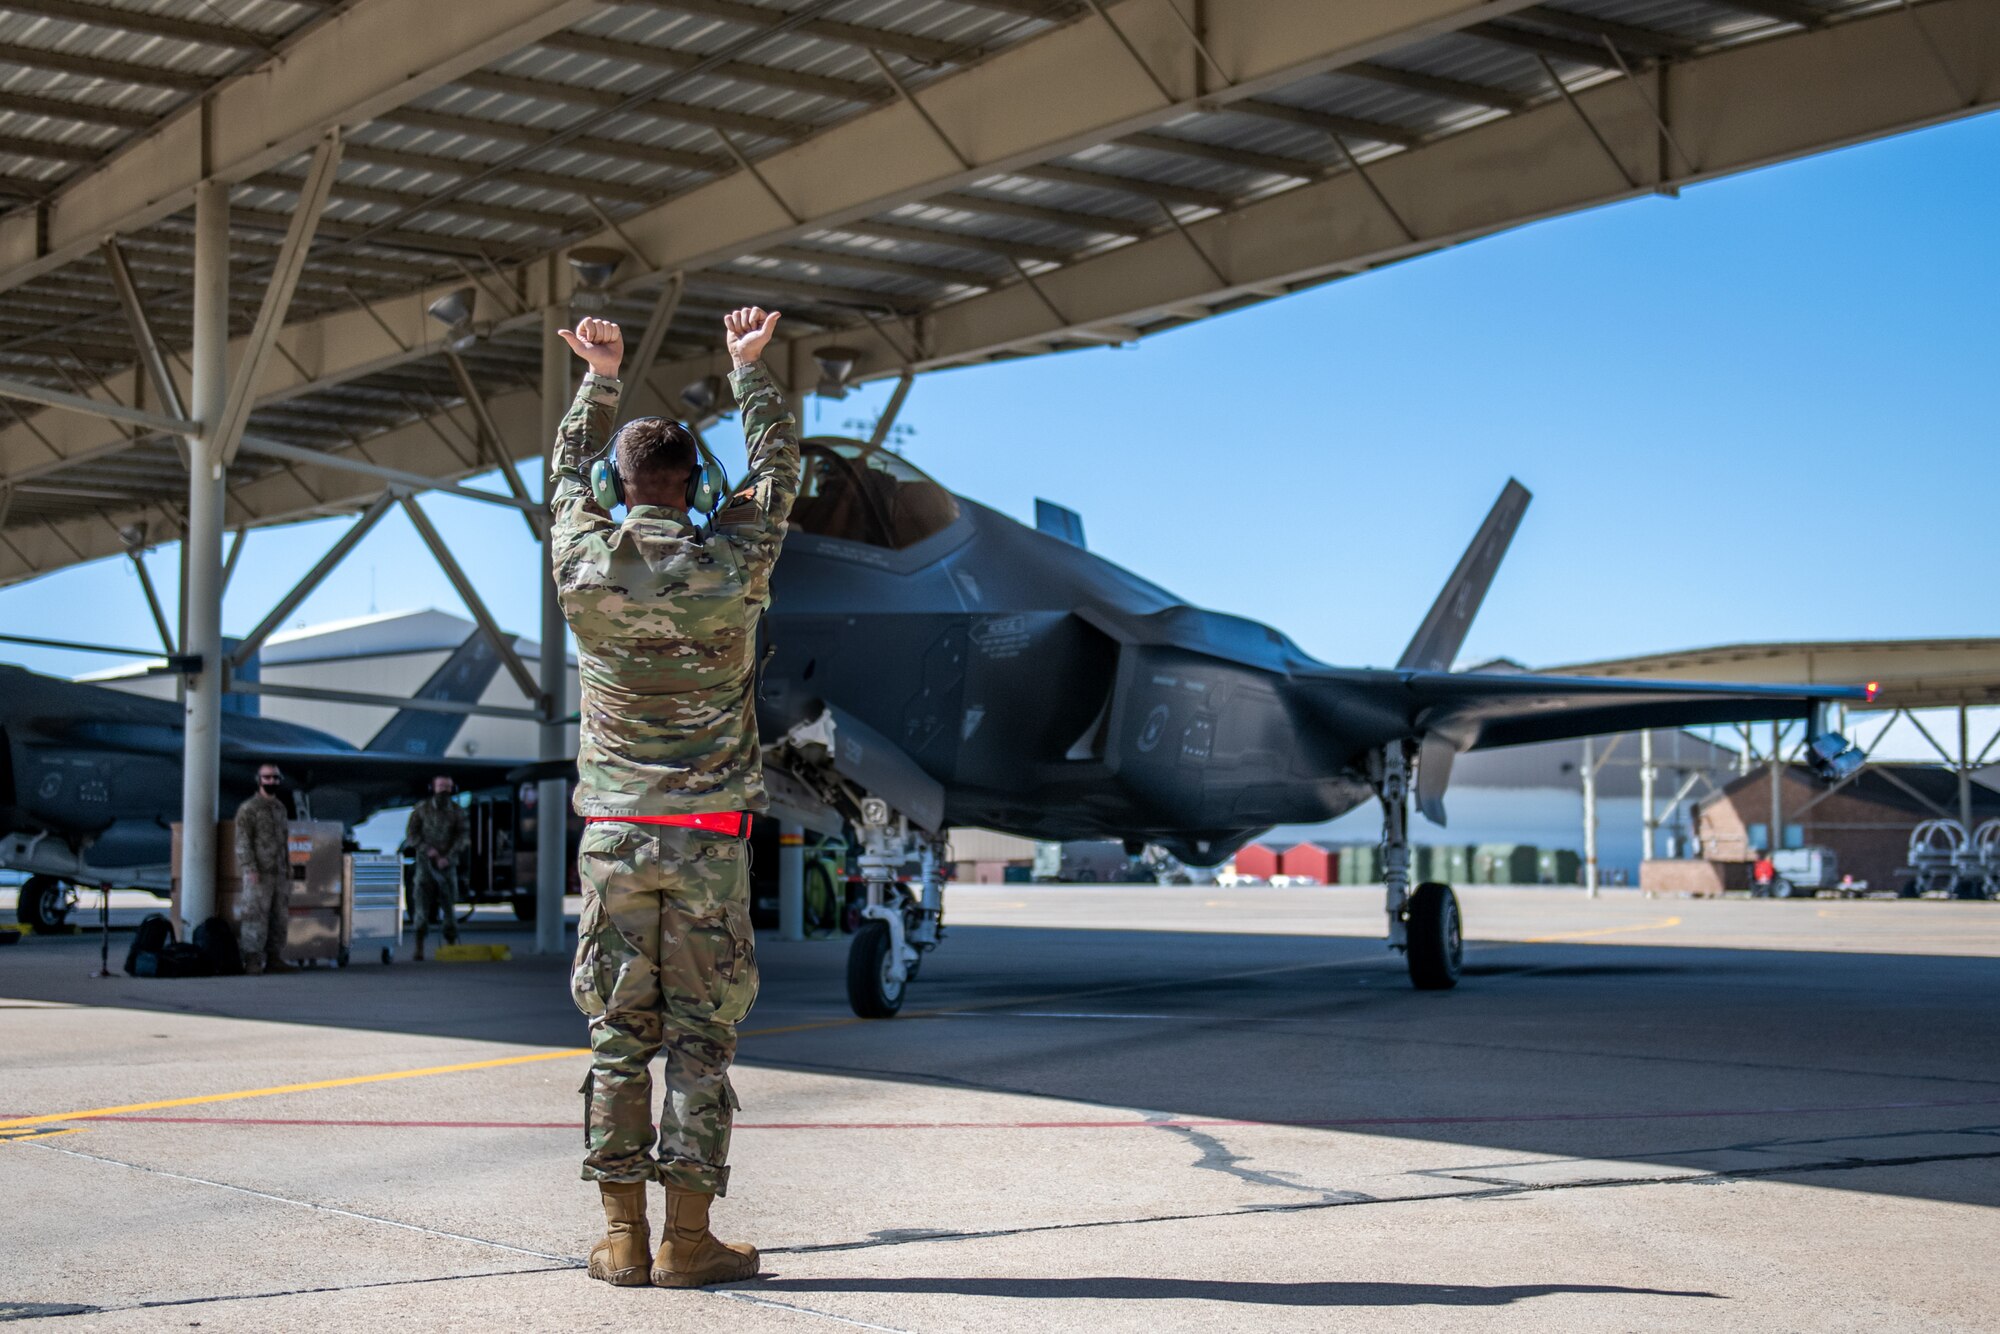 Senior Airman Thomas Rich, a crew chief in the 419th Aircraft Maintenance Squadron, signals to an F-35A Lightning II pilot during launch procedures April 10 at Hill Air Force Base, Utah.
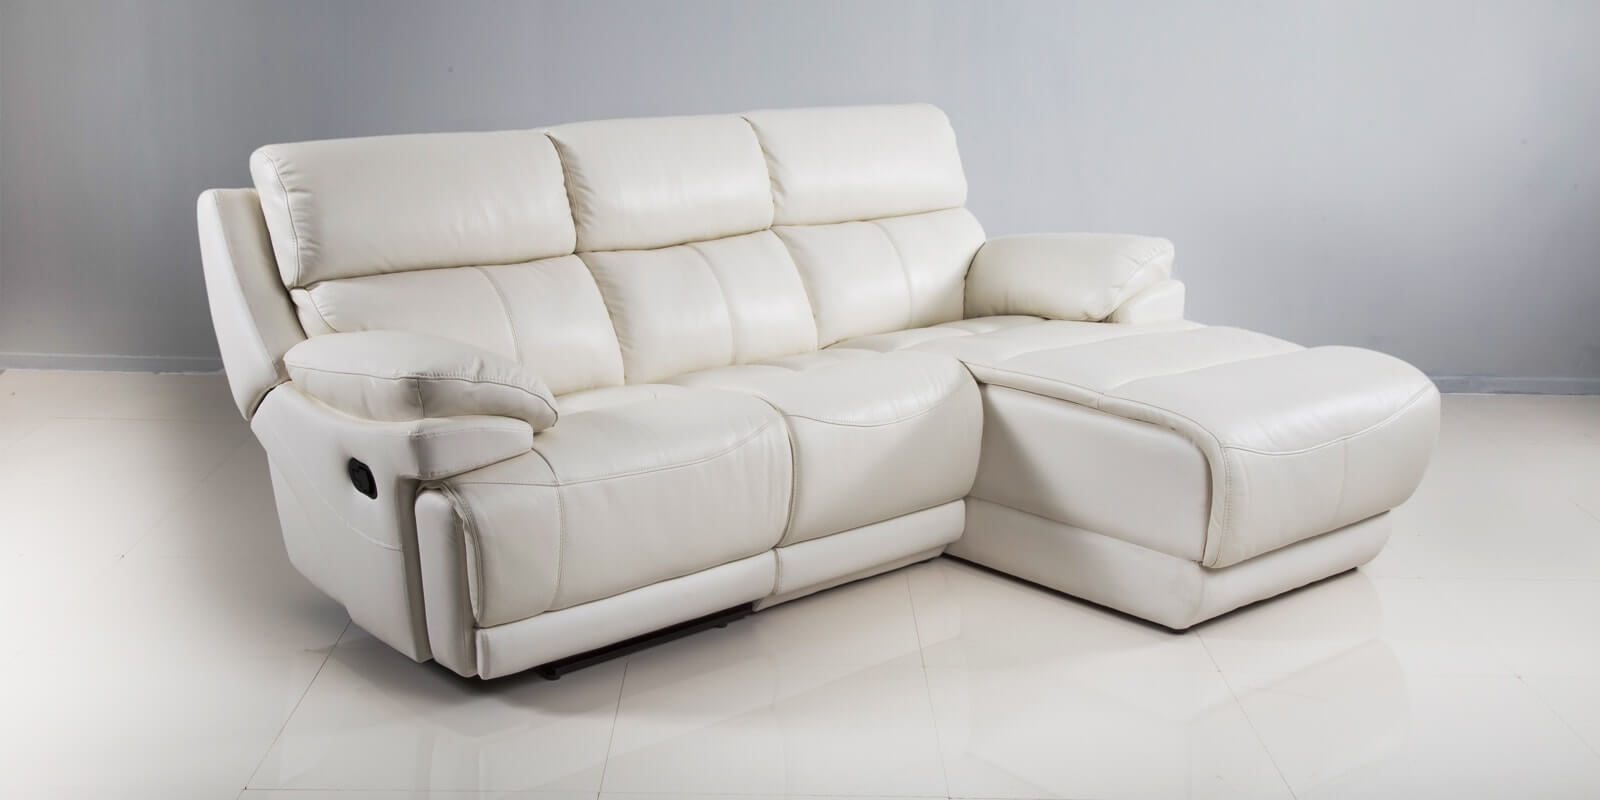 leather sofa manufacturer ratings
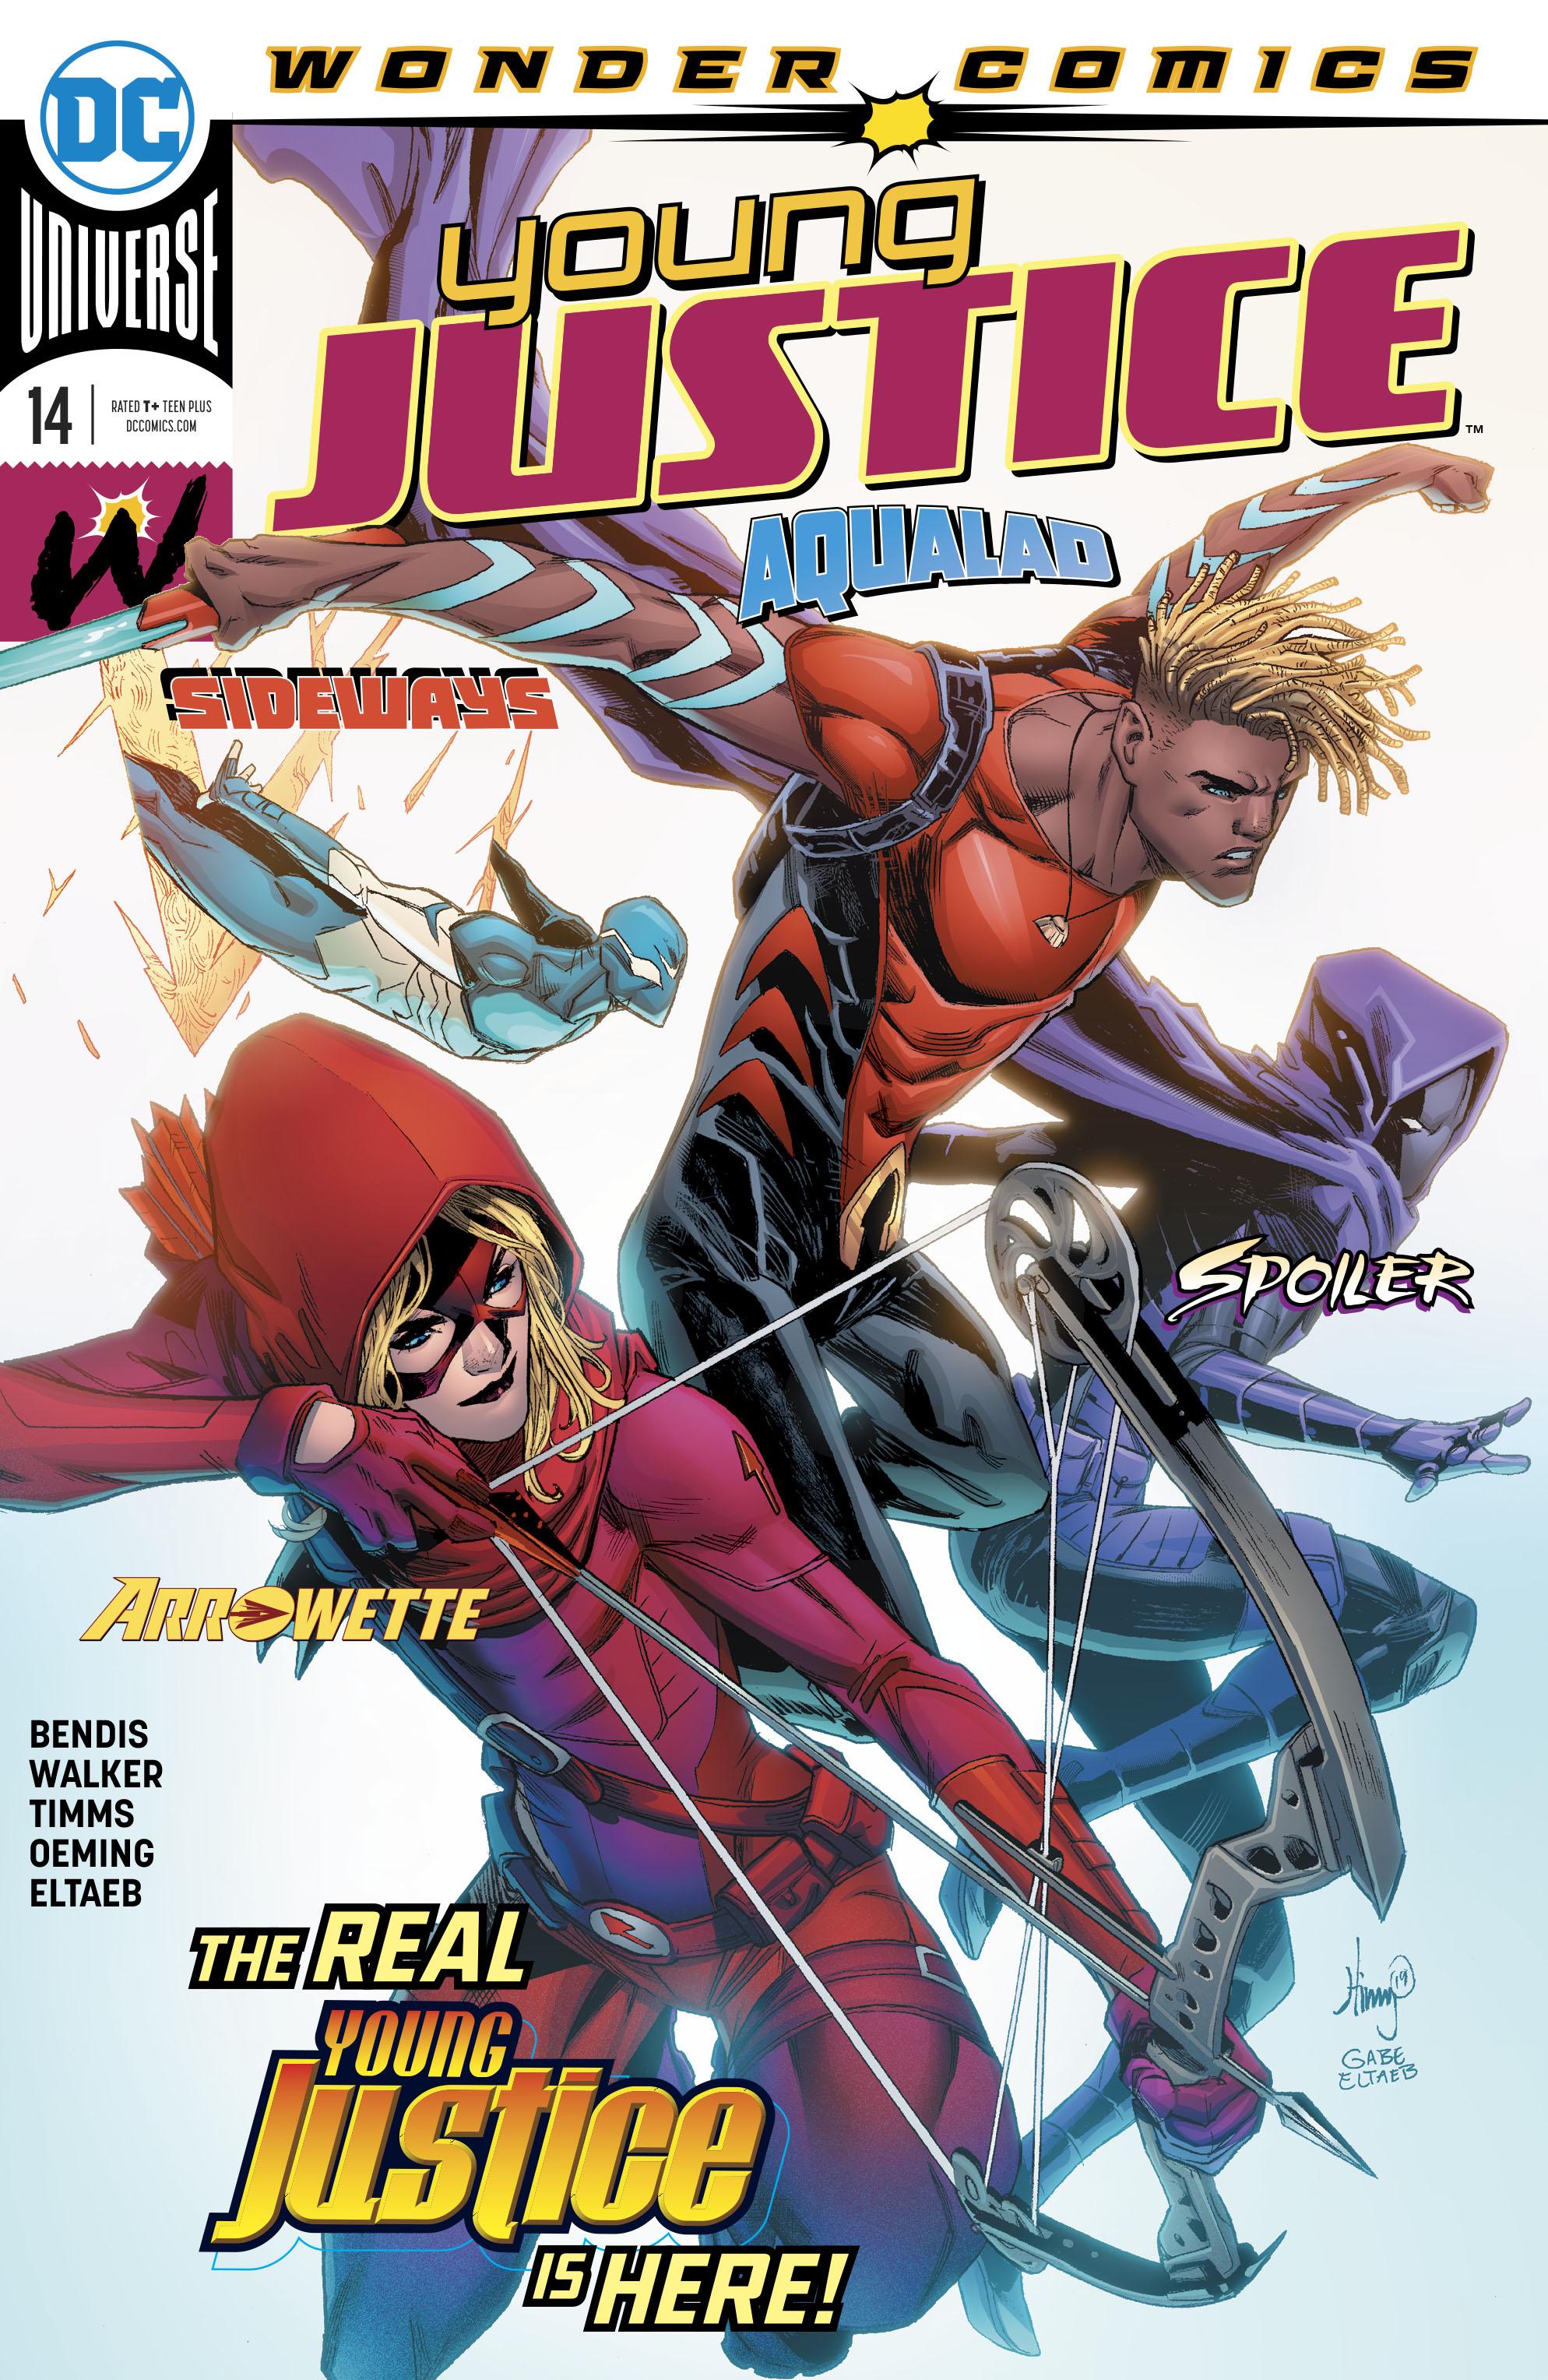 Young Justice Vol. 3 #14
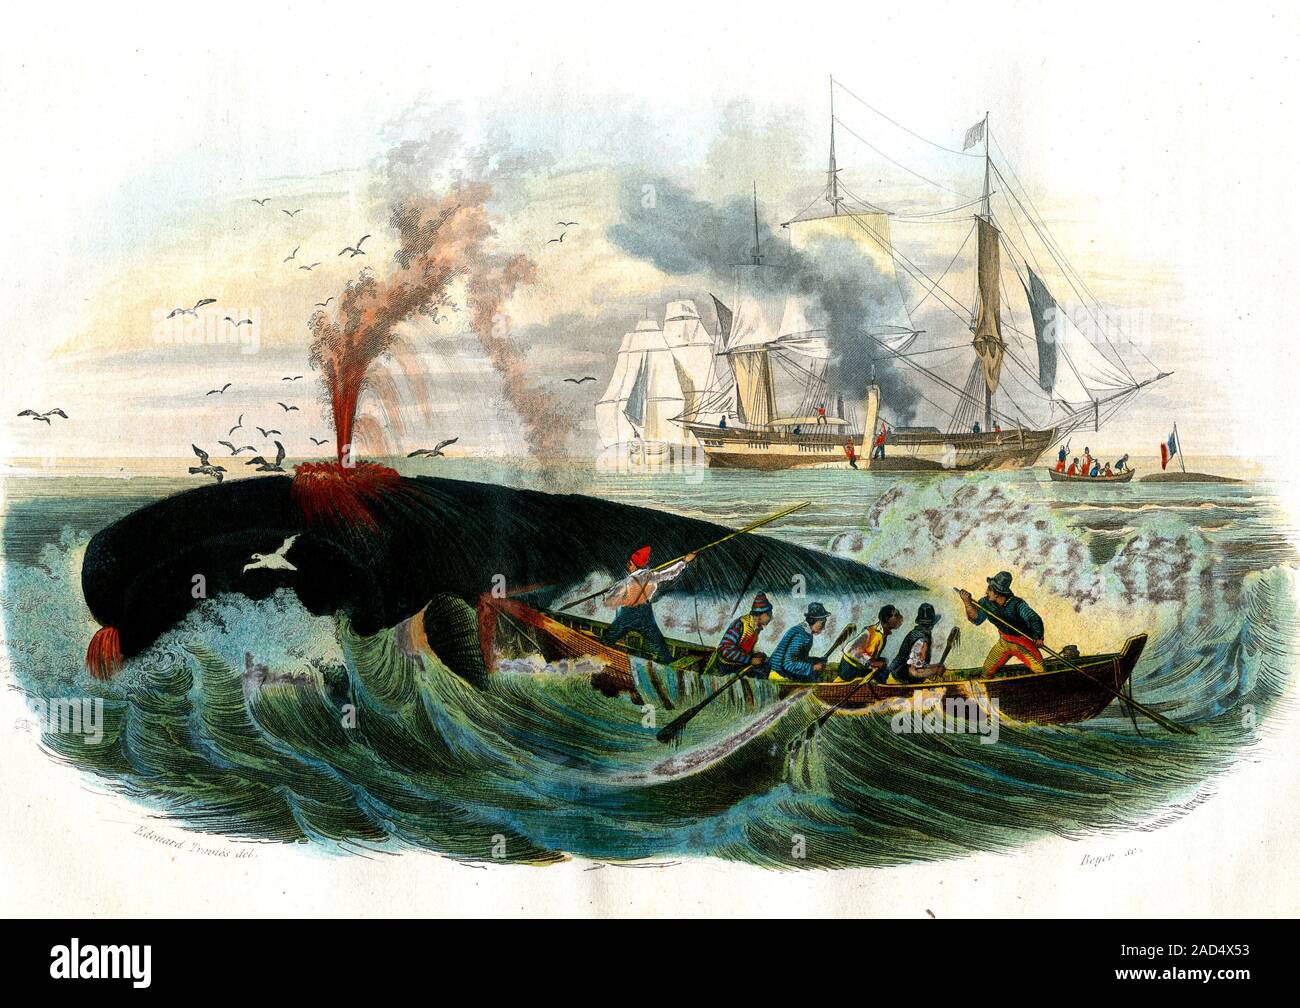 Whale hunting. 19th-century illustration of whalers in a whaling boat using a harpoon to hunt a whale. This artwork dates from 1857. Stock Photo
====================
# About this task:
Leave every picture out and set down exactly the lines running from the one with "leather sofa manufacturer ratings" to the last line of the material above.

# Response box:
 leather sofa manufacturer ratings
 Young Justice Vol. 3 #14
 Whale hunting. 19th-century illustration of whalers in a whaling boat using a harpoon to hunt a whale. This artwork dates from 1857. Stock Photo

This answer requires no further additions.